Встать князю помогли набежавшие стражники. Только столкнув противника, князь понял, что ещё раньше того пробила стрела, оттого и ослабел нападавший, оттого и сломался. В темноте стреляют редко, только в самых крайних случаях, но здесь, у распахнутой двери бани, фигуры сражающихся освещены тёплым рыжим светом, и стражники решились. Стрела побыстрее достанет!
Вся схватка заняла краткое время. Но посекли парильщиков добротно. Филина насмерть. Тёмный едва ли выживет. Куцаю довеку быть одноруким, залил кровью сугробы, пока наложили тряпки да перетянули рану. А князя, хоть и живого, но порезанного всюду, грудь, живот, руки, всё посёк меч, утащили в дом, высказывая самые добрые пожелания. Их послушать, выходило, что он ныне так здоров, как никогда, а для полного счастья не хватает стрелы в хребте!

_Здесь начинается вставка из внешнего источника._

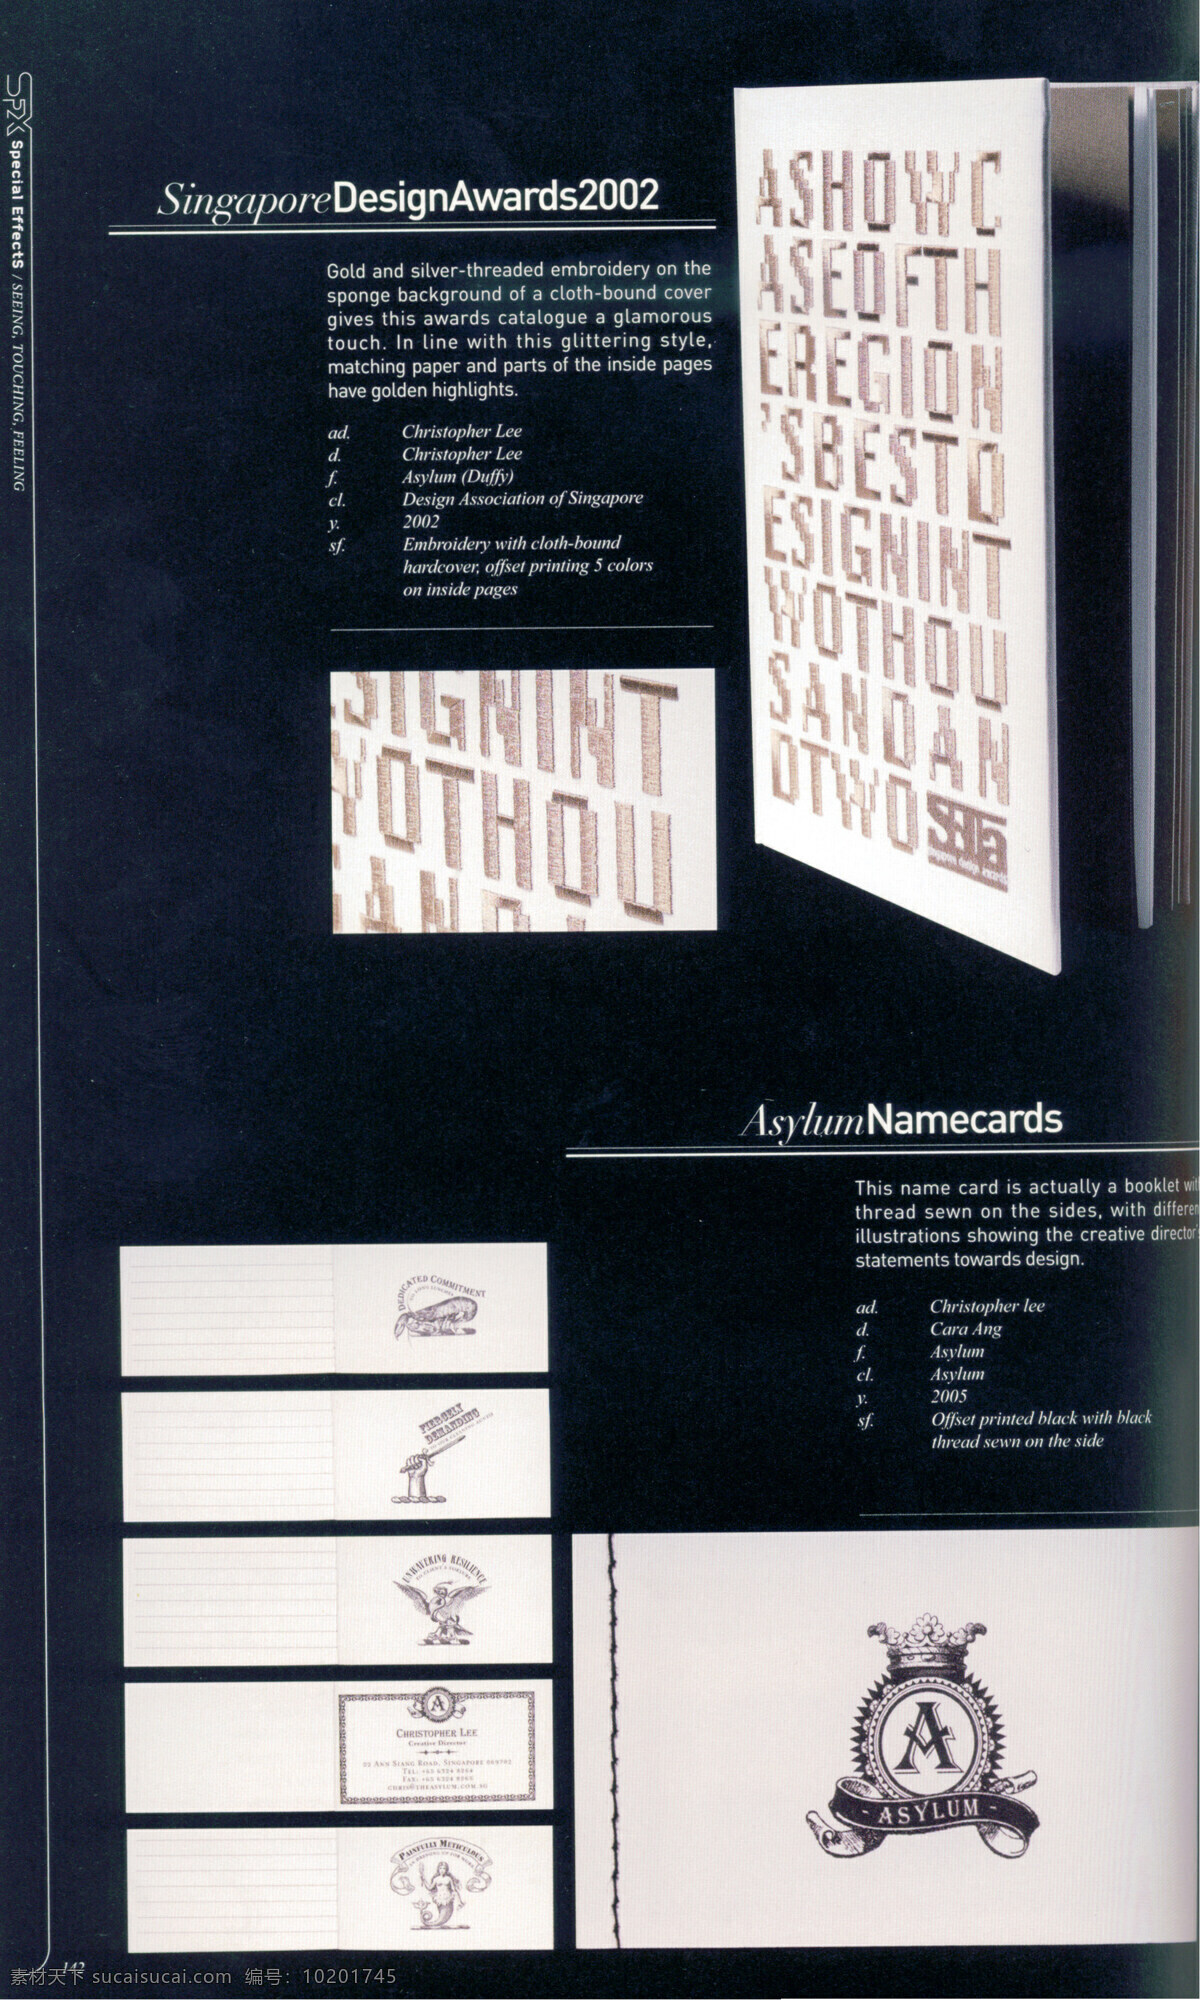 装帧设计 书籍装帧 版式 版式设计 设计素材 平面设计 黑色

Ночь ещё не началась, а во двор ломились соседи, к ограде сбегались вооружённые дружинники, и зрела смута! Никто никому не верил, требовали вызвать князя, чтоб услышать правду из его уст! А кто вызовет? Кто решится тащить квёлого на потеху толпе? Мало ли умных, стрелу пустить недолго, да и как понять, что на уме собравшихся? Чьи они? Город всё больше тревожился, гудел, распадался на враждующие лагеря! Сновали всадники! Горбань стягивал к подворью свои сотни, но появился Бочкарь, и едва не вспыхнул пожар сечи. Сложить мечи наместник отказался, а оружного к князю не пустили.

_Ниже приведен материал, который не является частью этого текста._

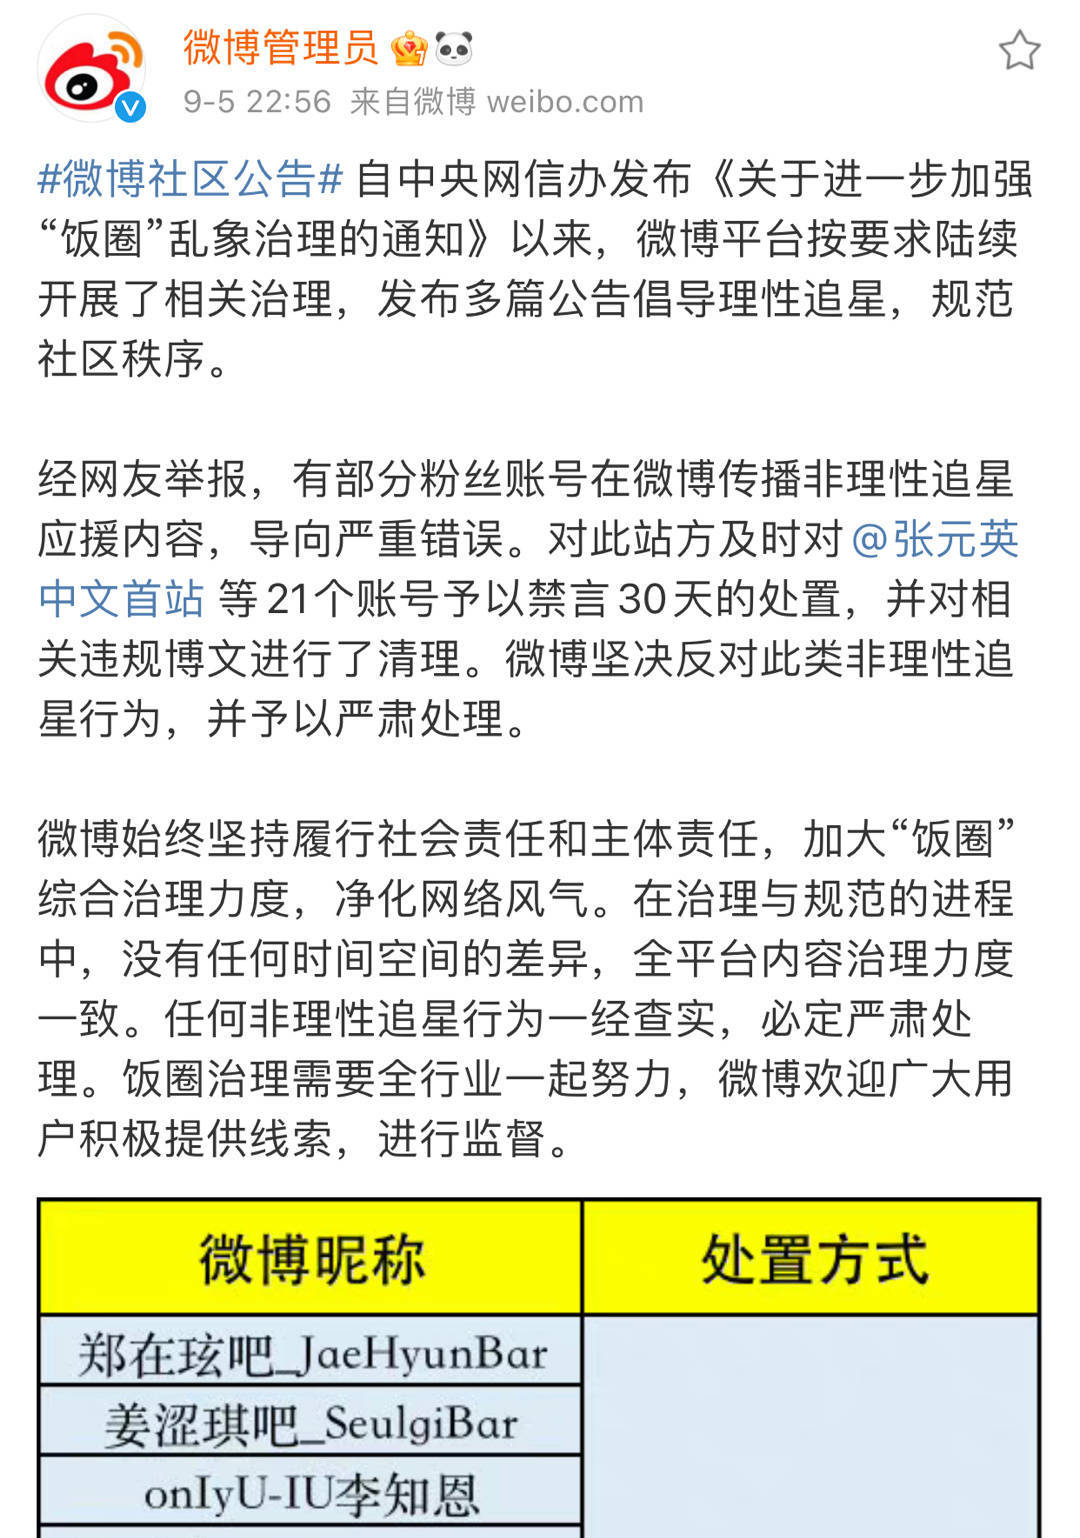 微博发布公告倡导理智追星 吴世勋等后援会微博被禁言

– Что там? – спрашивал князь, порываясь подняться. Но его успокаивали, удерживали, отговаривались пустыми словами. Наконец появился Горбань. Ответил.
– Одного взяли живым, двоих успели допросить, пока дышали, – доложил он князю. – То люди Бочкаря. Самолично послал! Но не признается. Вывести убийцу, чтоб народ услыхал правду?! Как думаешь?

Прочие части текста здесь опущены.